App developers should be upfront about ads and making you pay

yahoo weather ads
Credit: Derek Walter

Updating your Android apps should be a benign process, not one that ends in a race to see how fast you can delete an app from your phone. Yet such was the case when a couple of my formerly favorite apps dropped in some unwelcome surprises.

First was the texting app HelloSMS. The formerly free app suddenly began asking for a monthly tithe of $3, $9, or $19 in order to keep it "ad free." The ads didn't appear right away, but I didn't wait around. The payments may be "voluntary," but suddenly dropping a fee on you for a once-free product is no way to keep a customer around. Farewell HelloSMS, we hardly knew ye.

The next annoyance came from Yahoo Weather, which is generally the best-looking weather app on Android. 

It doesn't look so good now that it has a giant ad greeting you on each page. I don't want to know if a storm is brewing in the latest lame TV show from Fox—I want to find out if I'm destined for another day of the California drought.

yahoo weather

A weather app should tell you about real storms, not inclement relationship events.
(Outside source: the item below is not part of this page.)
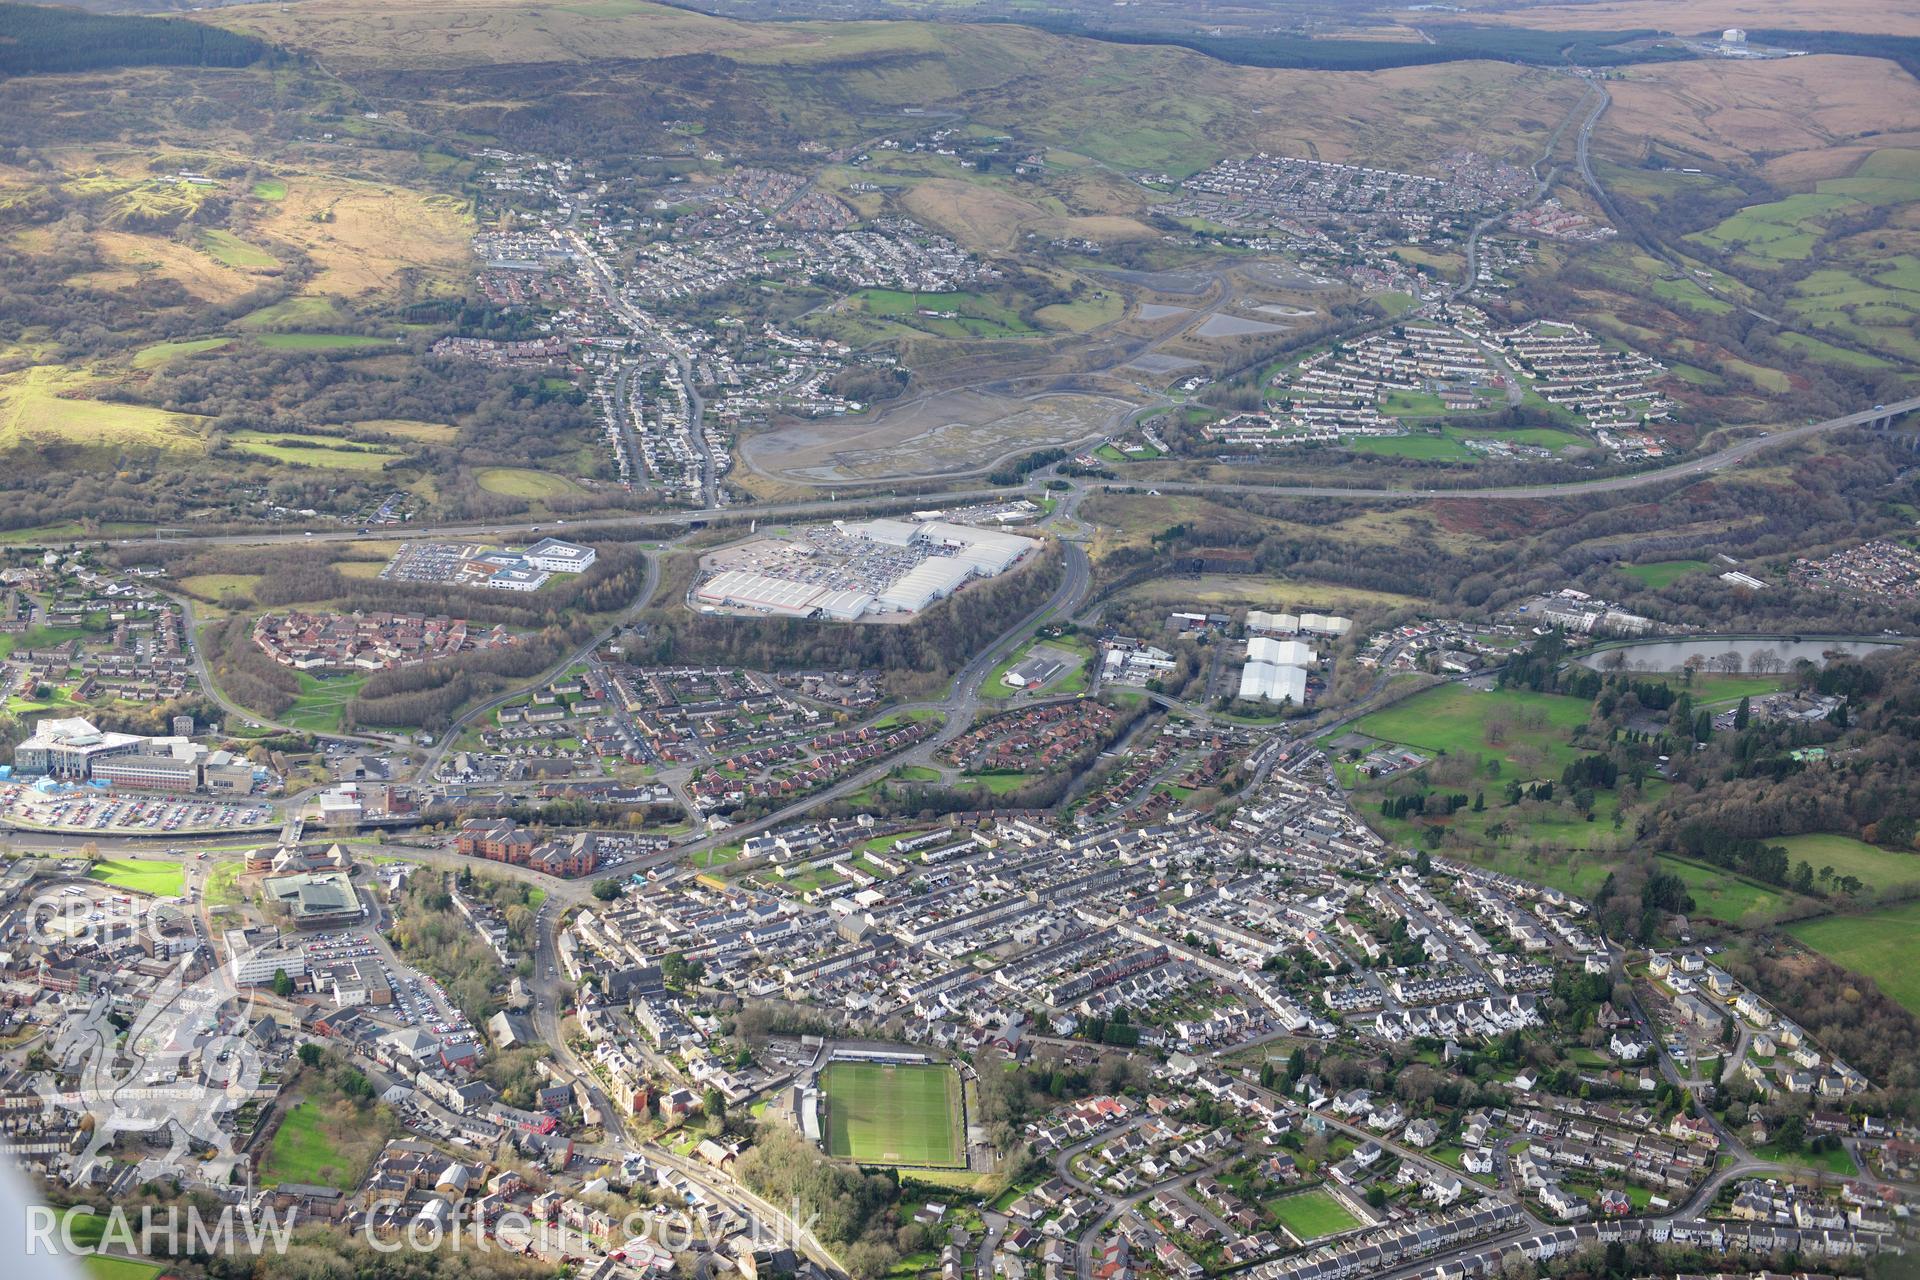 RCAHMW colour oblique photograph of Merthyr Tydfil, townscape from east. Taken by Toby Driver on 28/11/2012.
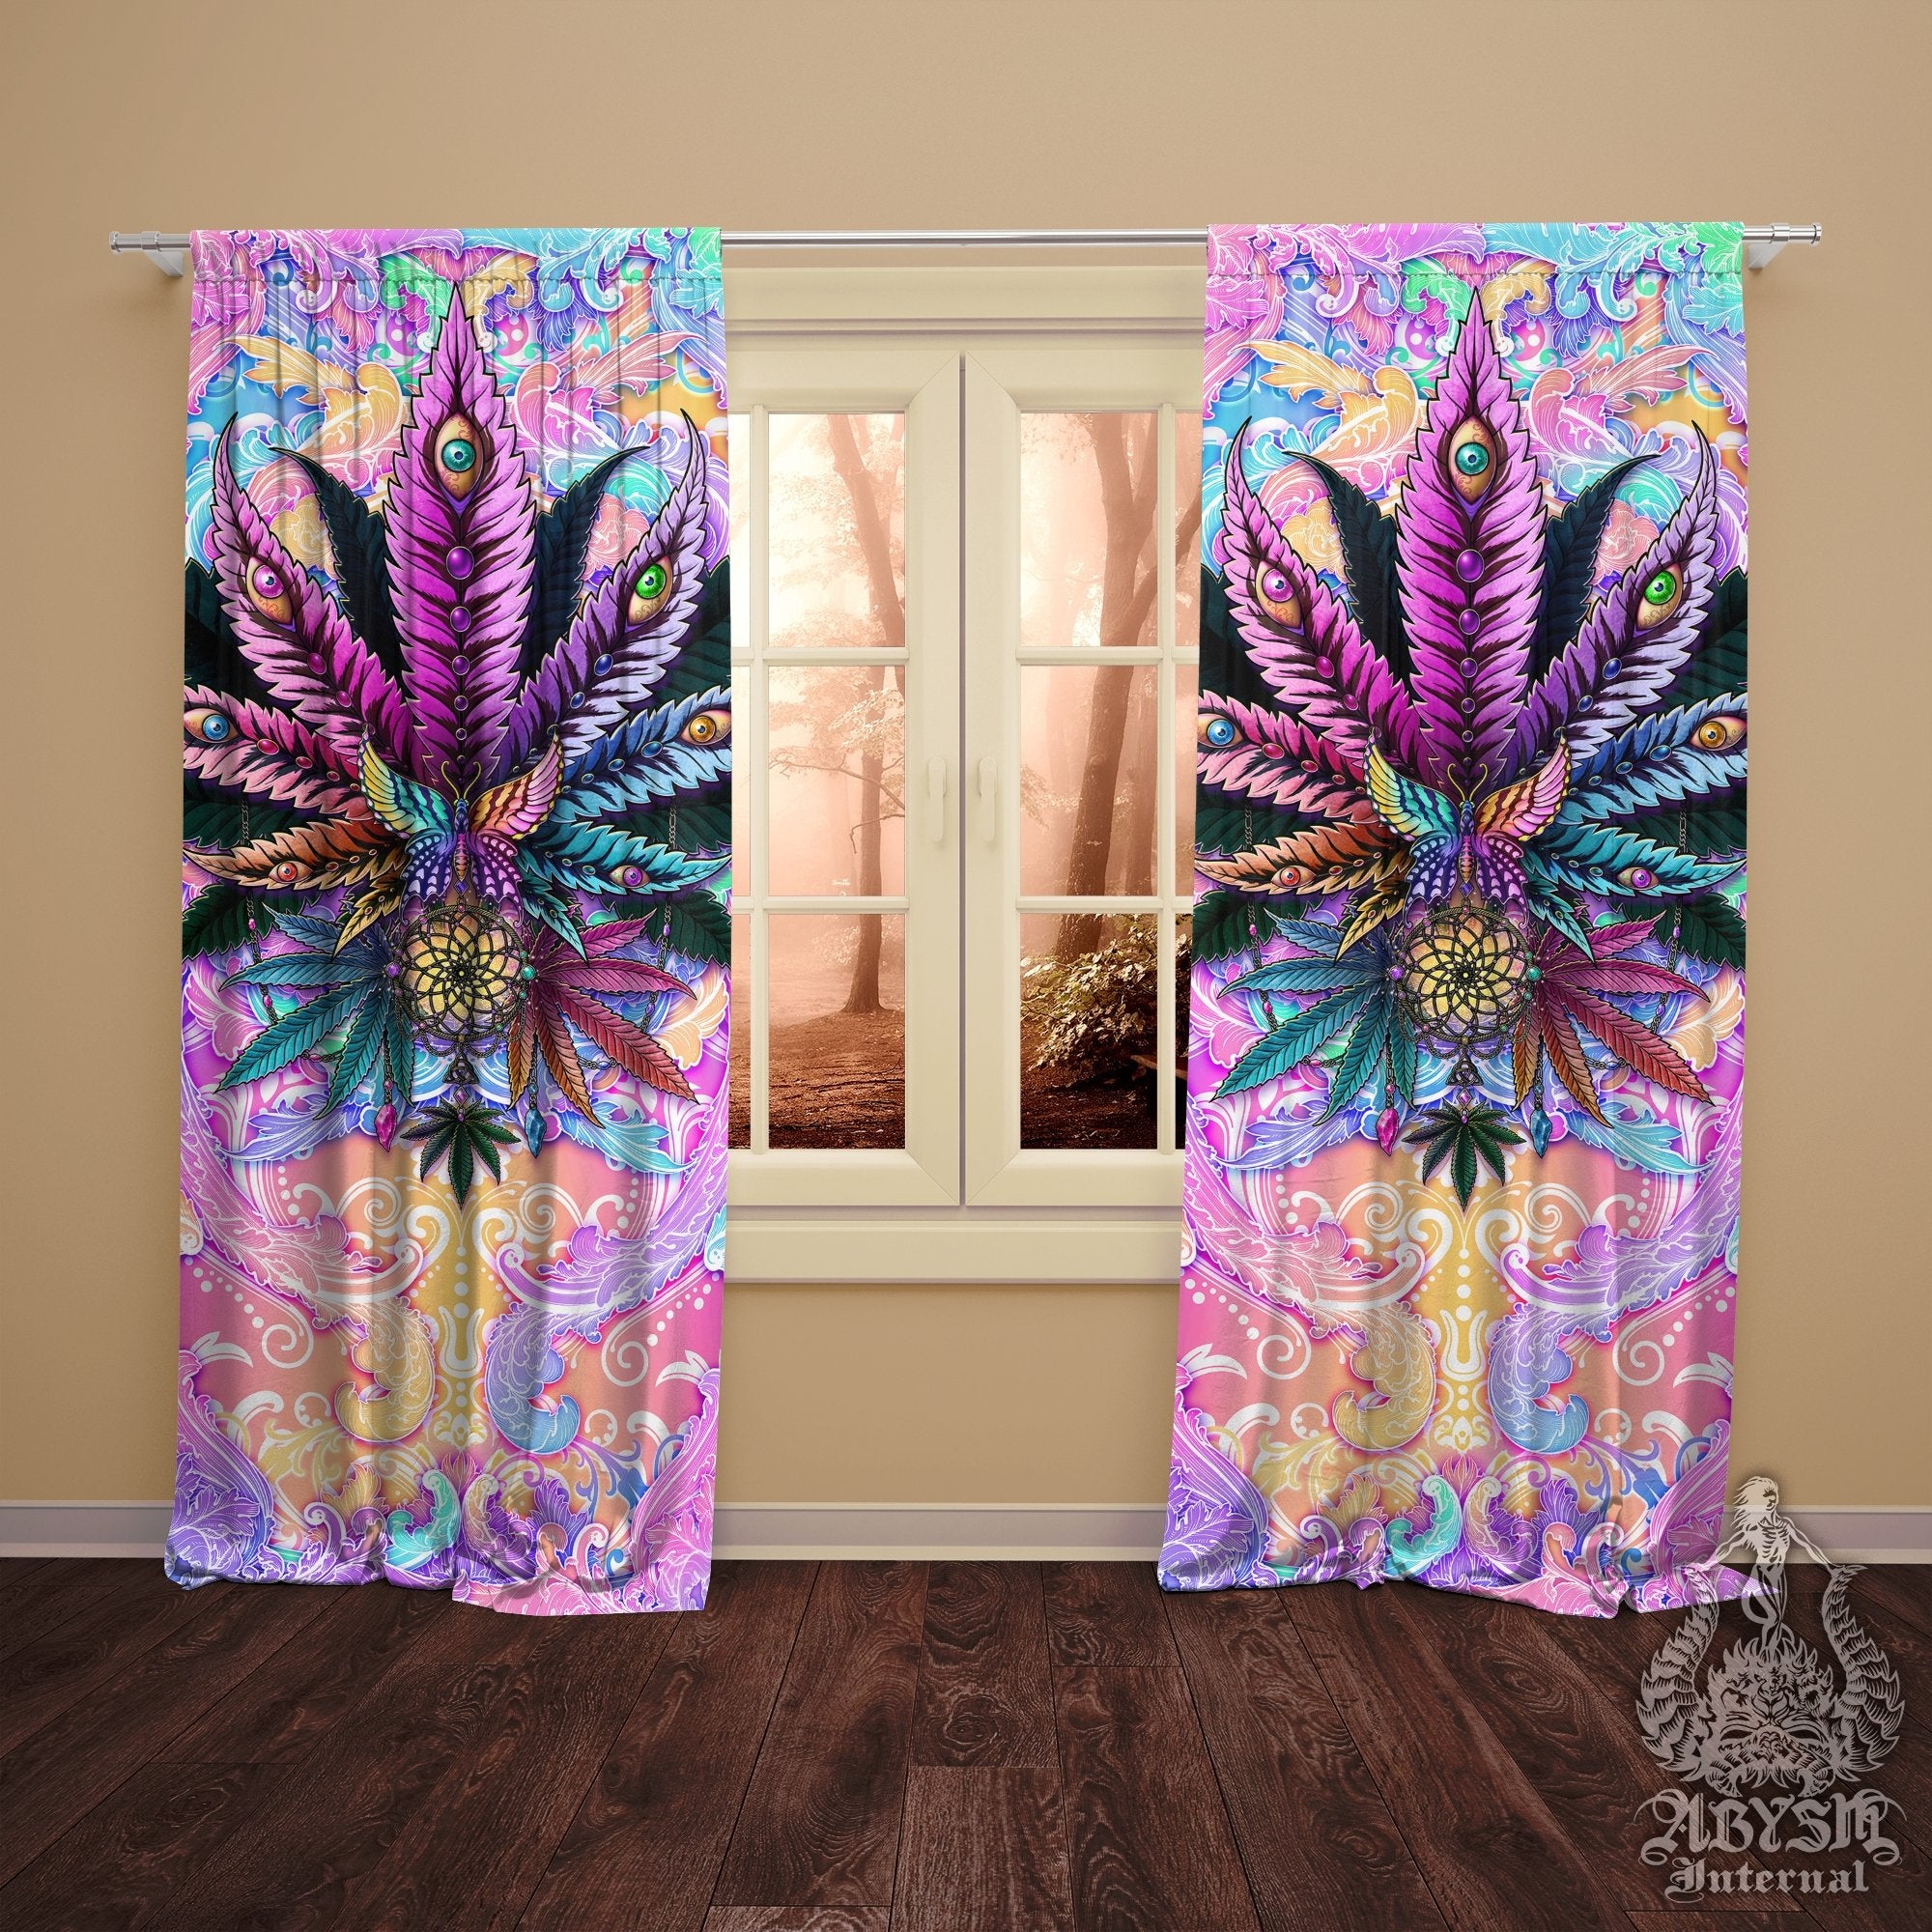 Weed Blackout Curtains, Cannabis Home and Shop Decor, Long Window Panels, Aesthetic Print, Girly 420 Room Art - Pastel Black - Abysm Internal

Worse yet, the ads are only in the Android version. Is there something about Android users that makes Yahoo think they are less worthy of the pure version that appears on the iPhone and iPad? 

There is a better way. When an app launches, it should say up front what the situation is with regards to asking you for money. If it's going to host ads, offer an in-app upgrade to nix them. A few dollars is well worth the cost of a quality app - my favorite weather app is AccuWeather Platinum, which is $3. 

hellosms

Have a spare $19 per month? You can always support helloSMS.

The same could be said for helloSMS - given that Hangouts is rather hit and miss in how it handles messaging, a one-time fee would be worth it for the well-designed texting app.

These practices aren't good for the Android ecosystem. They feel like a bait-and-switch, which can just turn people off next time they are tempted to hit that "Install" button. 

Yes, developers should get paid for their apps, and too many people have been conditioned to expect free software. But keep it consistent and don't drop unpleasant surprises on those who like your app. If you subvert your customer's trust in this way, you open the door to a competitor that will be straight with us from the start.